Start of Dataset content
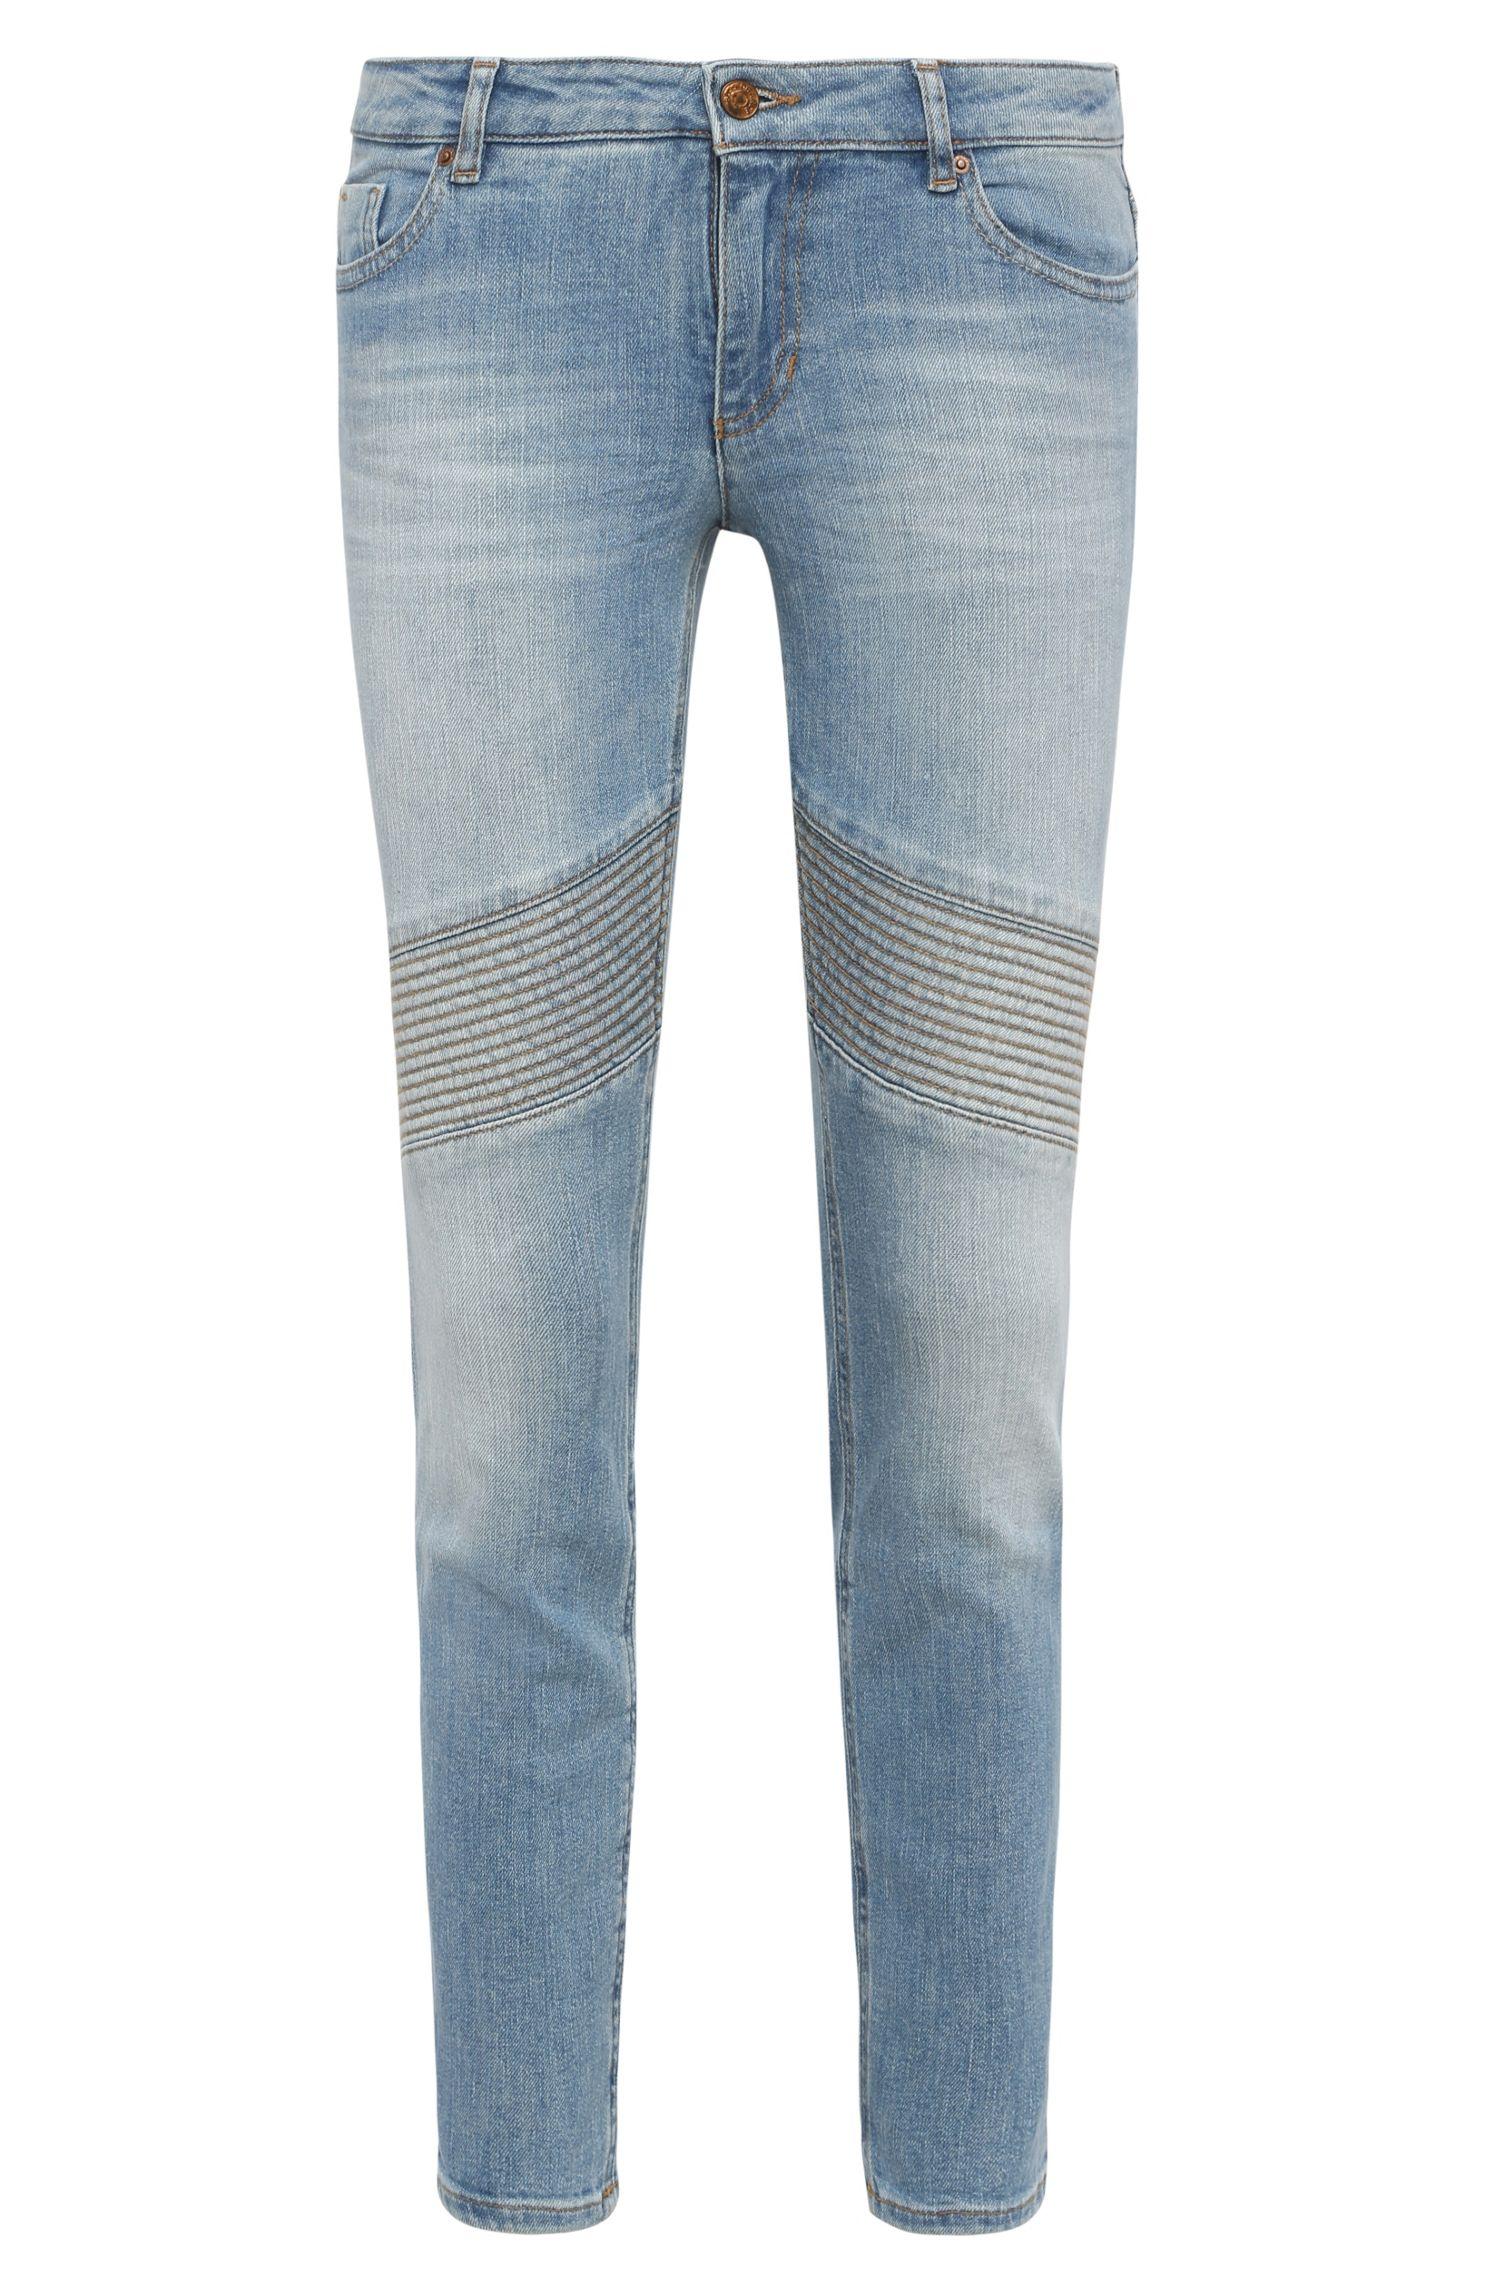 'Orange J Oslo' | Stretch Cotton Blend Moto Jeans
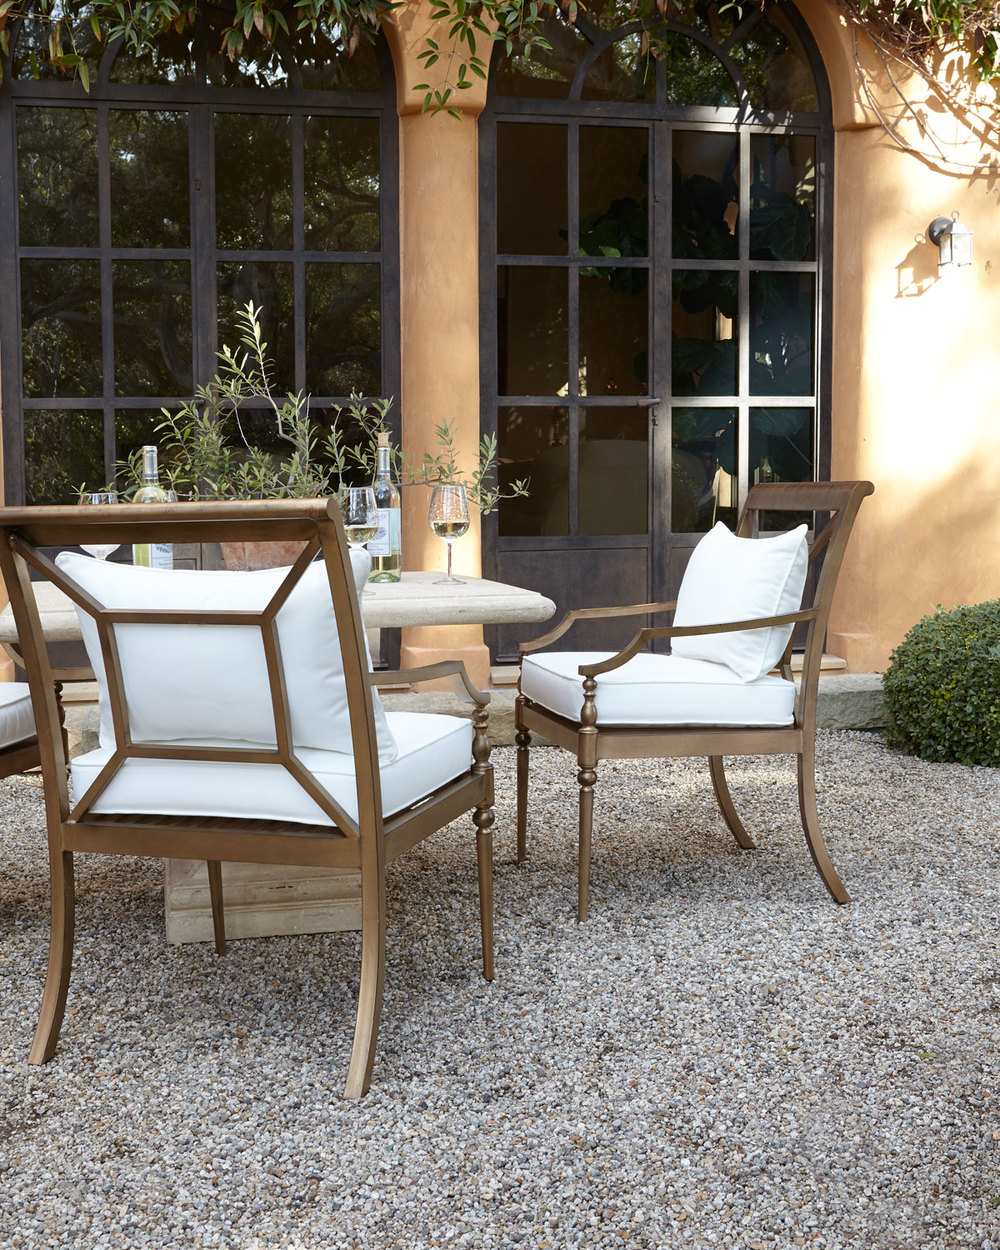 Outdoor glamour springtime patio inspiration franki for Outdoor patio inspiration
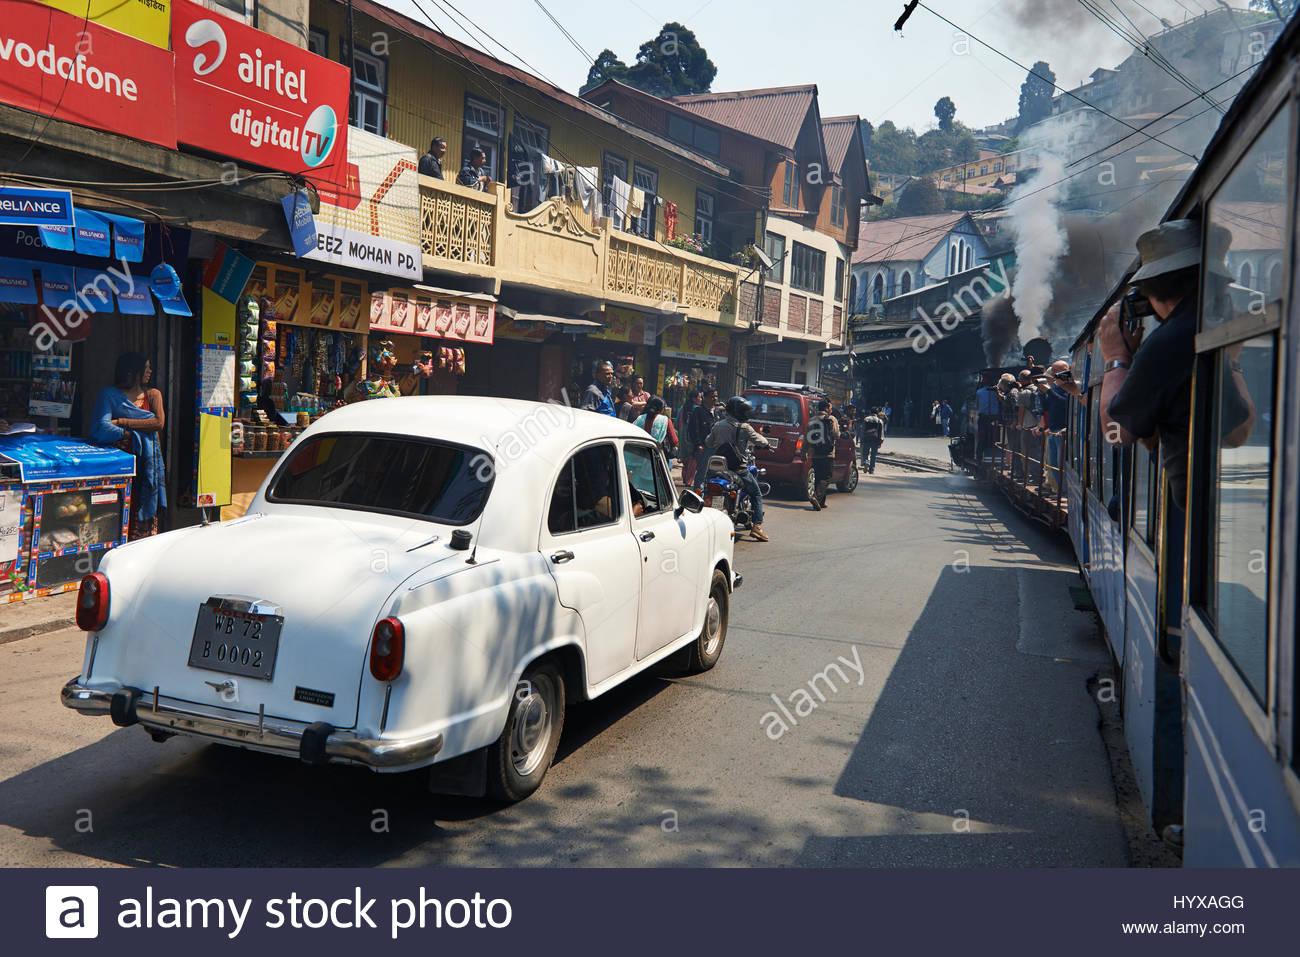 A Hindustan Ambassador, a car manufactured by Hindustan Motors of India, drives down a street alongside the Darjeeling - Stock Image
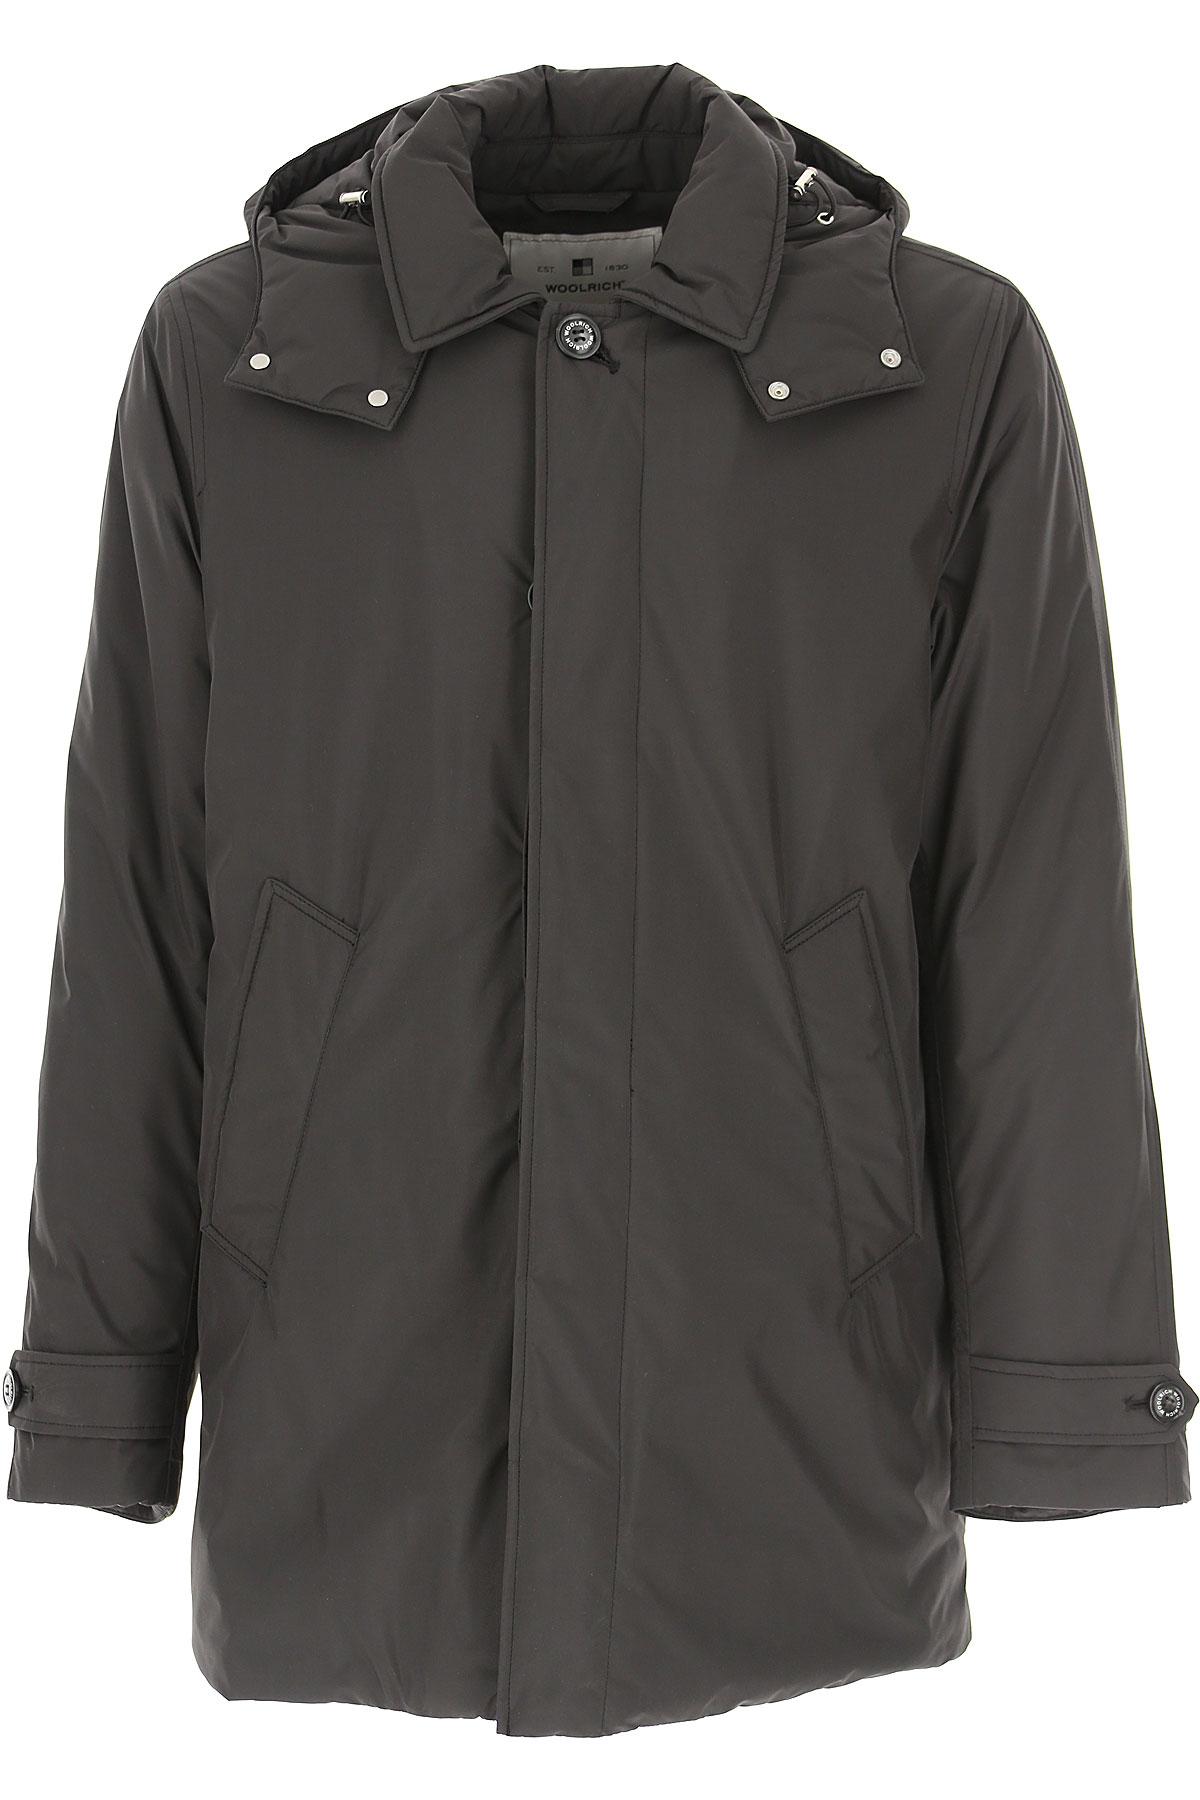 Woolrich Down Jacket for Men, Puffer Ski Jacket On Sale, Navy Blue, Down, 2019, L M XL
End of Dataset content
What is needed:
Excluding pictures, print all lines above exactly.

Completed task:
 'Orange J Oslo' | Stretch Cotton Blend Moto Jeans
 Outdoor glamour springtime patio inspiration franki for Outdoor patio inspiration
 A Hindustan Ambassador, a car manufactured by Hindustan Motors of India, drives down a street alongside the Darjeeling - Stock Image
 Woolrich Down Jacket for Men, Puffer Ski Jacket On Sale, Navy Blue, Down, 2019, L M XL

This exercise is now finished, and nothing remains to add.